START Provided data

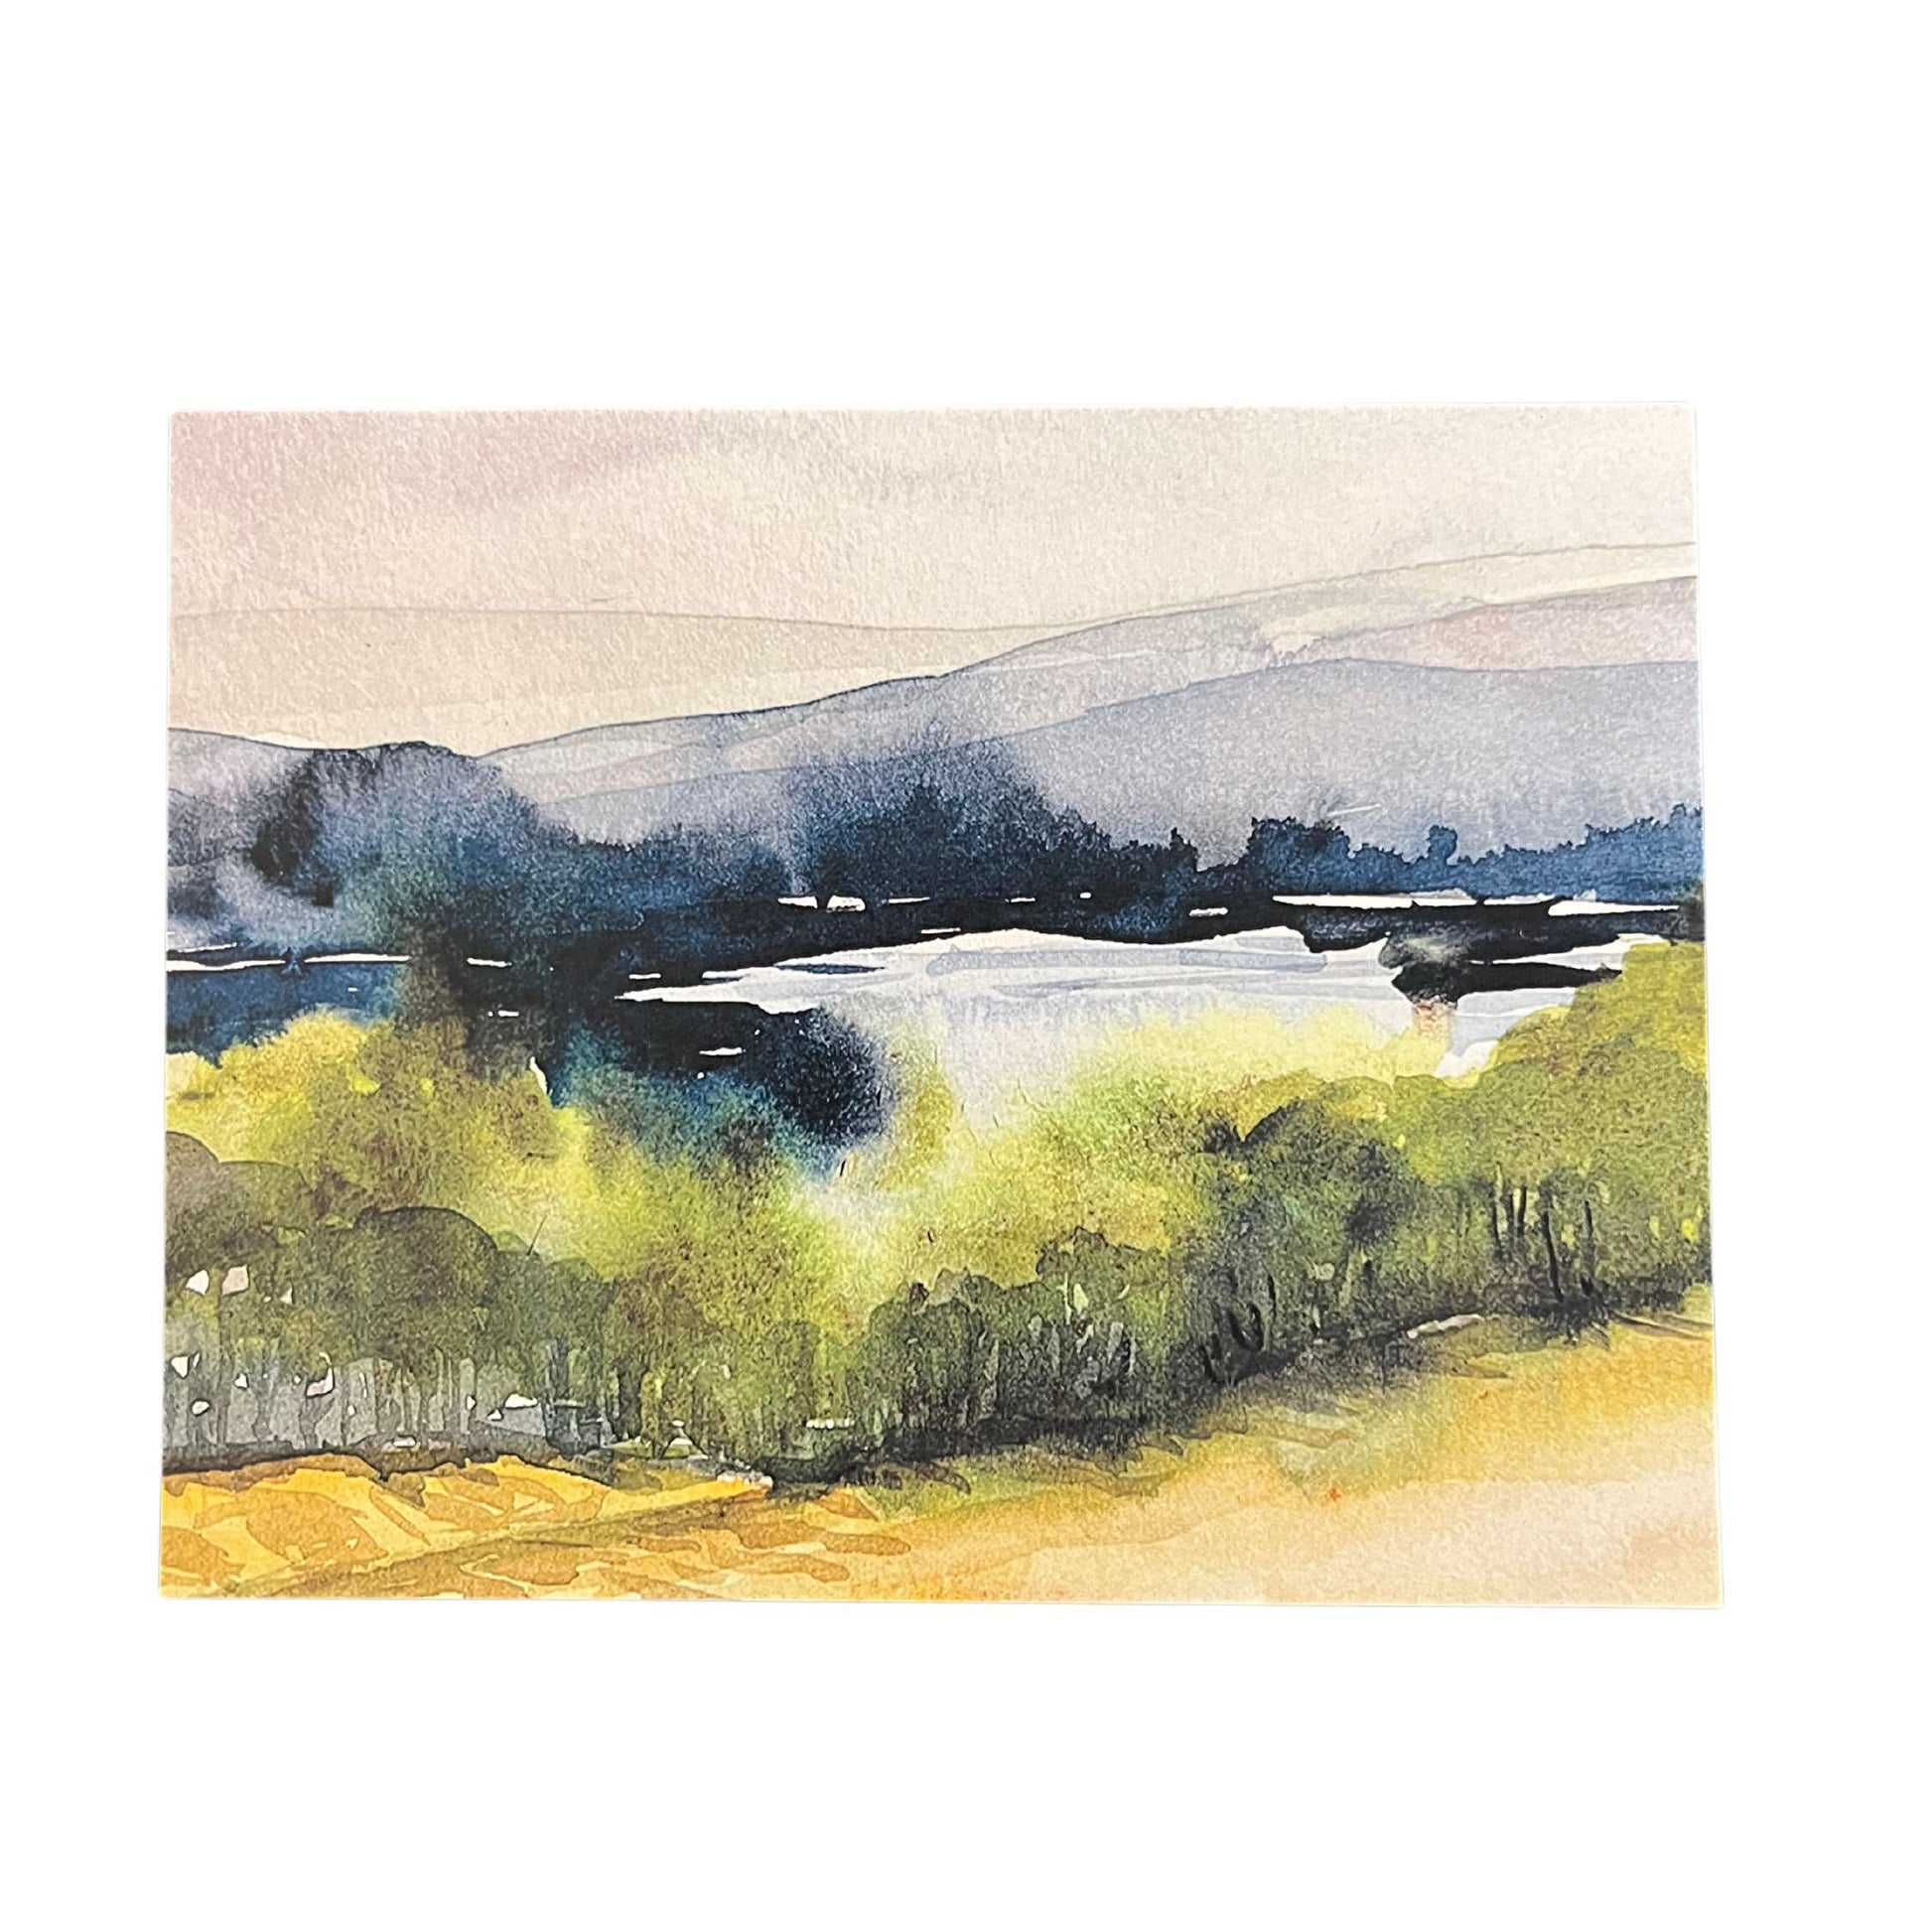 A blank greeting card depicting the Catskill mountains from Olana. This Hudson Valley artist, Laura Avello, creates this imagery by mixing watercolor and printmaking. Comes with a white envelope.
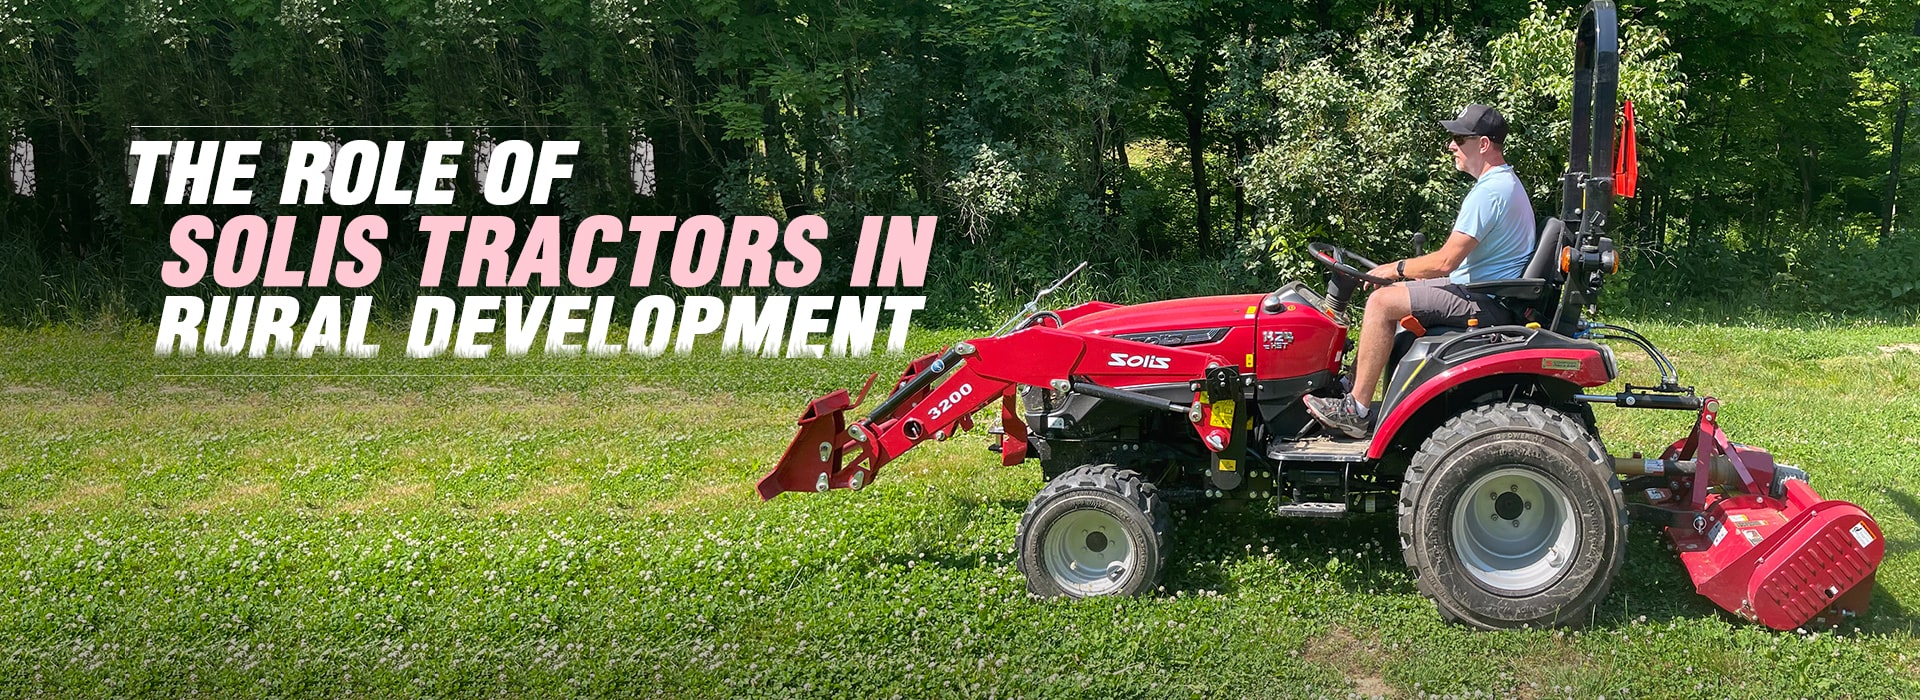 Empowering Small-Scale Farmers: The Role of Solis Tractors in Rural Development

END Provided data
START Provided data

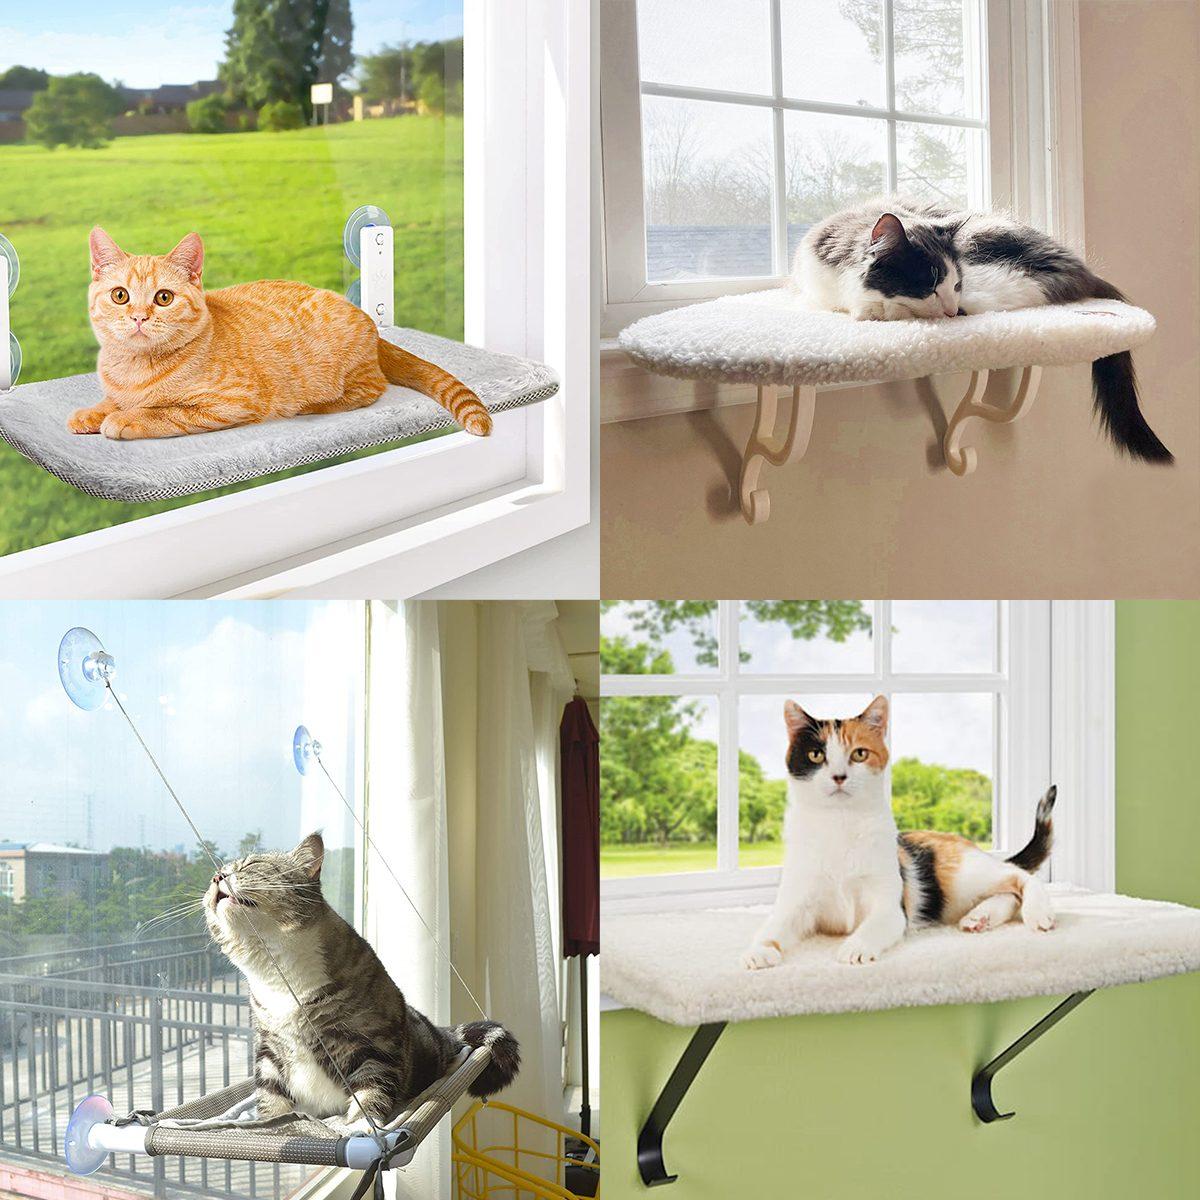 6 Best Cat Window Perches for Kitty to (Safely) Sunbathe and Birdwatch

END Provided data

#### [Problem description]
Treat the line with "A blank greeting" as the start and the line with "Empowering Small-Scale Farmers: The" as the end, and return exactly that span of the data above, both ends included, without pictures.

#### [Answer to this exercise]
 A blank greeting card depicting the Catskill mountains from Olana. This Hudson Valley artist, Laura Avello, creates this imagery by mixing watercolor and printmaking. Comes with a white envelope.
 Empowering Small-Scale Farmers: The Role of Solis Tractors in Rural Development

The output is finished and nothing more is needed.